** Available data follows **

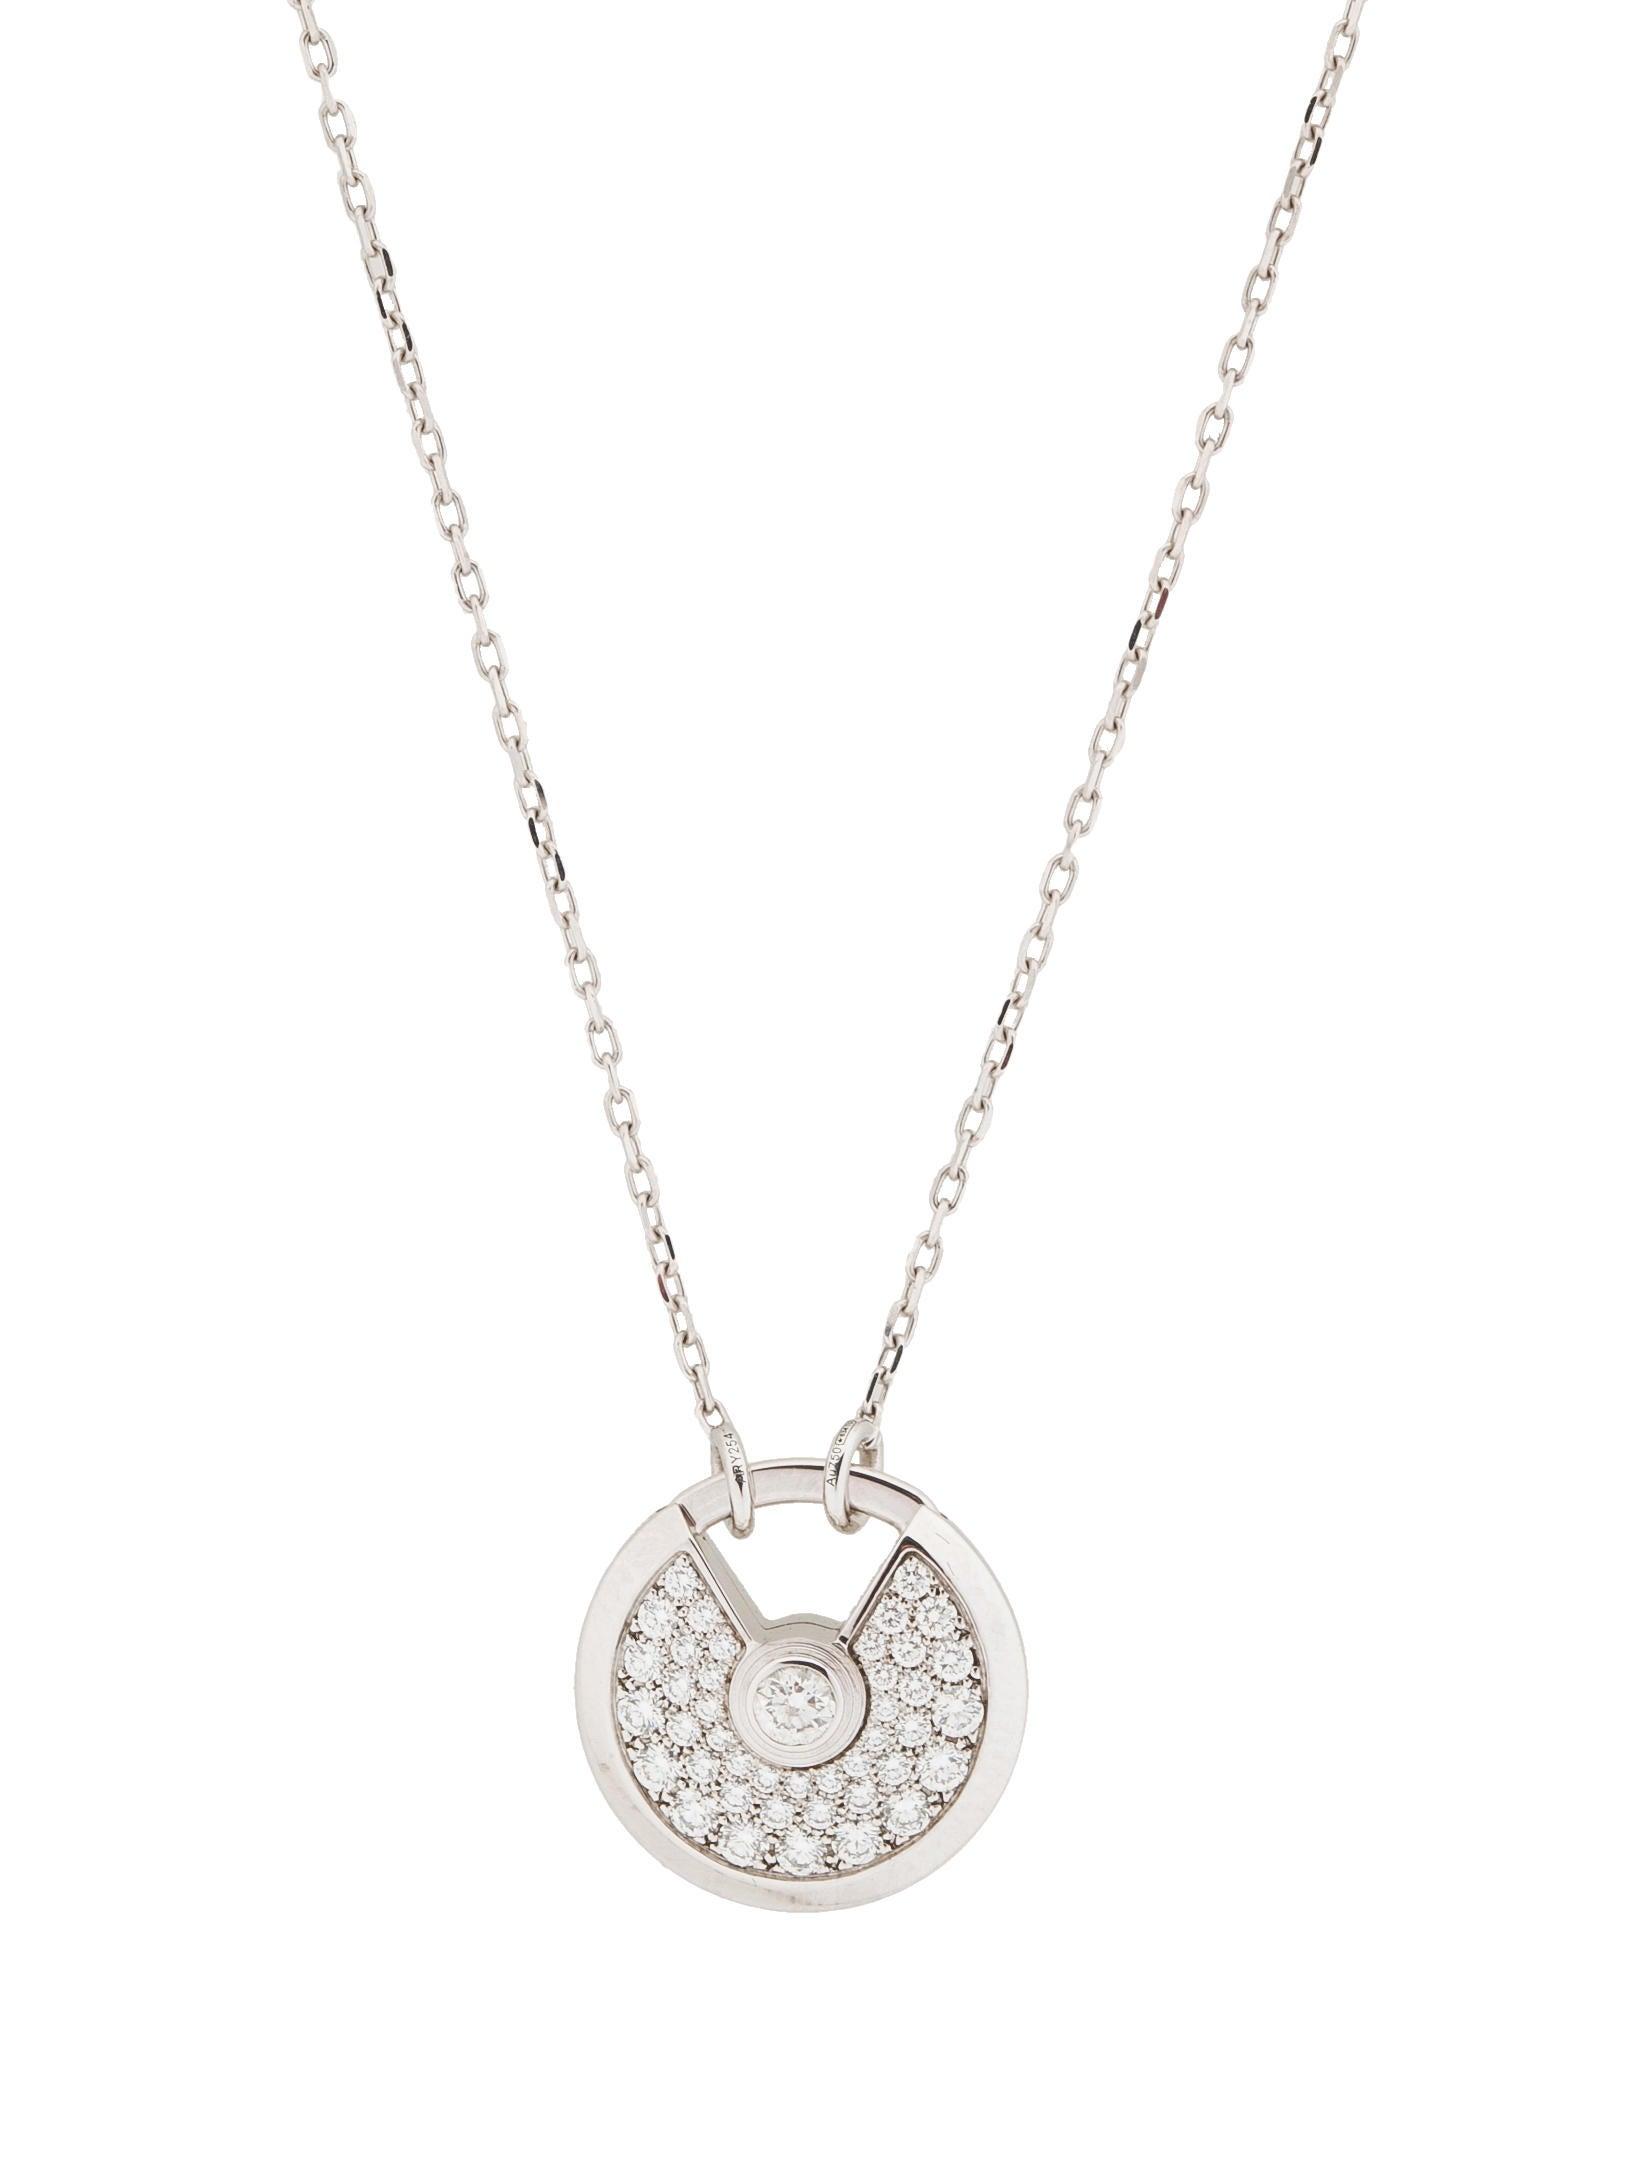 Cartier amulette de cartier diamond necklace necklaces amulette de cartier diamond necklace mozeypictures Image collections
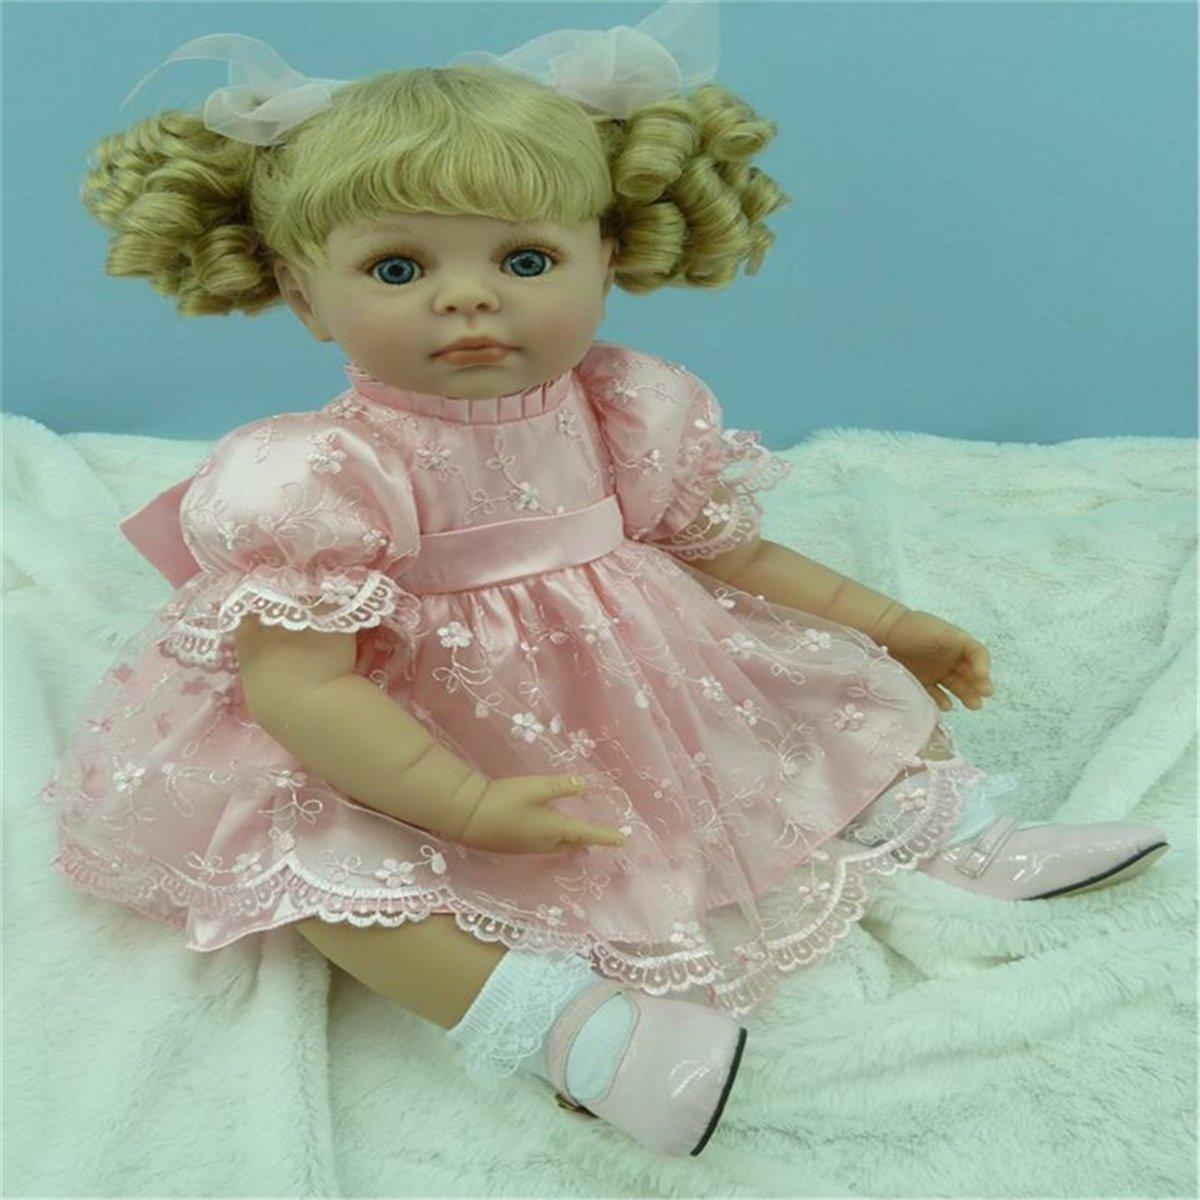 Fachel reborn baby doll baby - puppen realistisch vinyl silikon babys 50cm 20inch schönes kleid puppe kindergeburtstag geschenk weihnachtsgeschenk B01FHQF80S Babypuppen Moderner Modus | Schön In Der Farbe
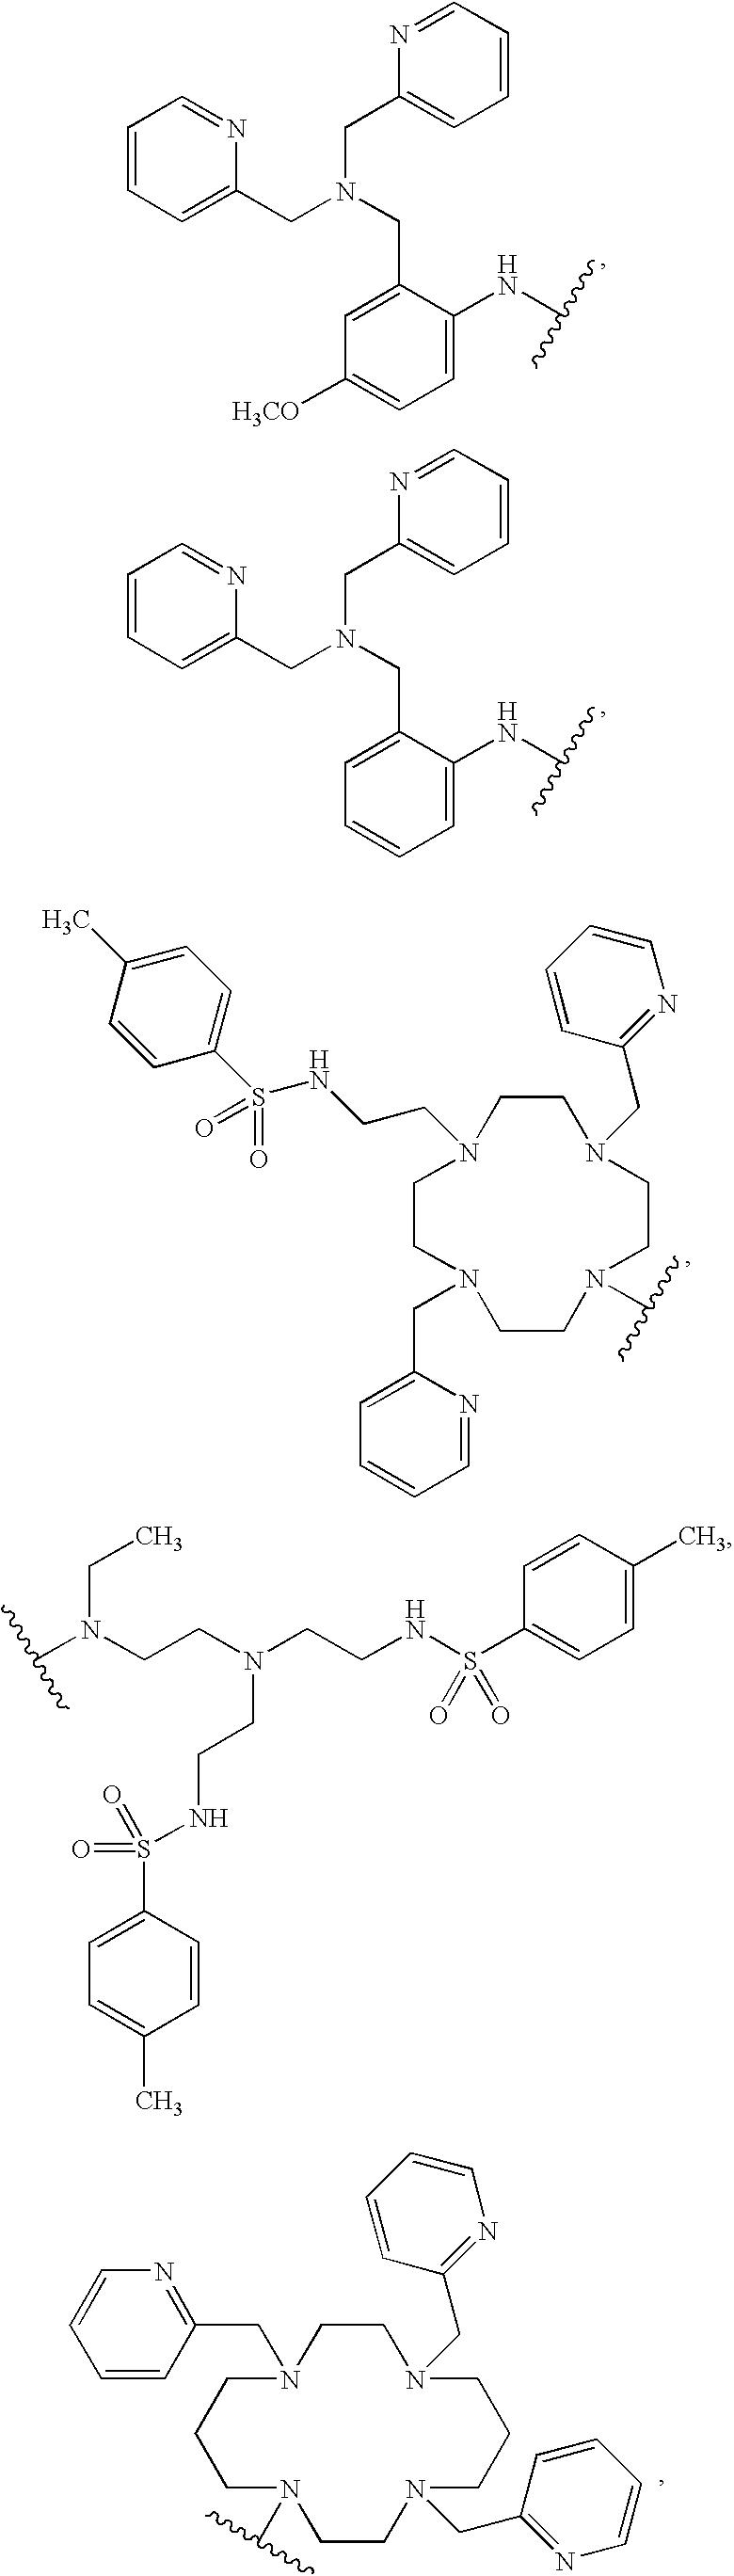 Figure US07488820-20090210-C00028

** End of Available data **

Activity:
Exactly the lines from the line with "Fachel reborn baby" through the end of the data are to be reproduced, and no picture is to be included.

Written reply:
 Fachel reborn baby doll baby - puppen realistisch vinyl silikon babys 50cm 20inch schönes kleid puppe kindergeburtstag geschenk weihnachtsgeschenk B01FHQF80S Babypuppen Moderner Modus | Schön In Der Farbe
 Figure US07488820-20090210-C00028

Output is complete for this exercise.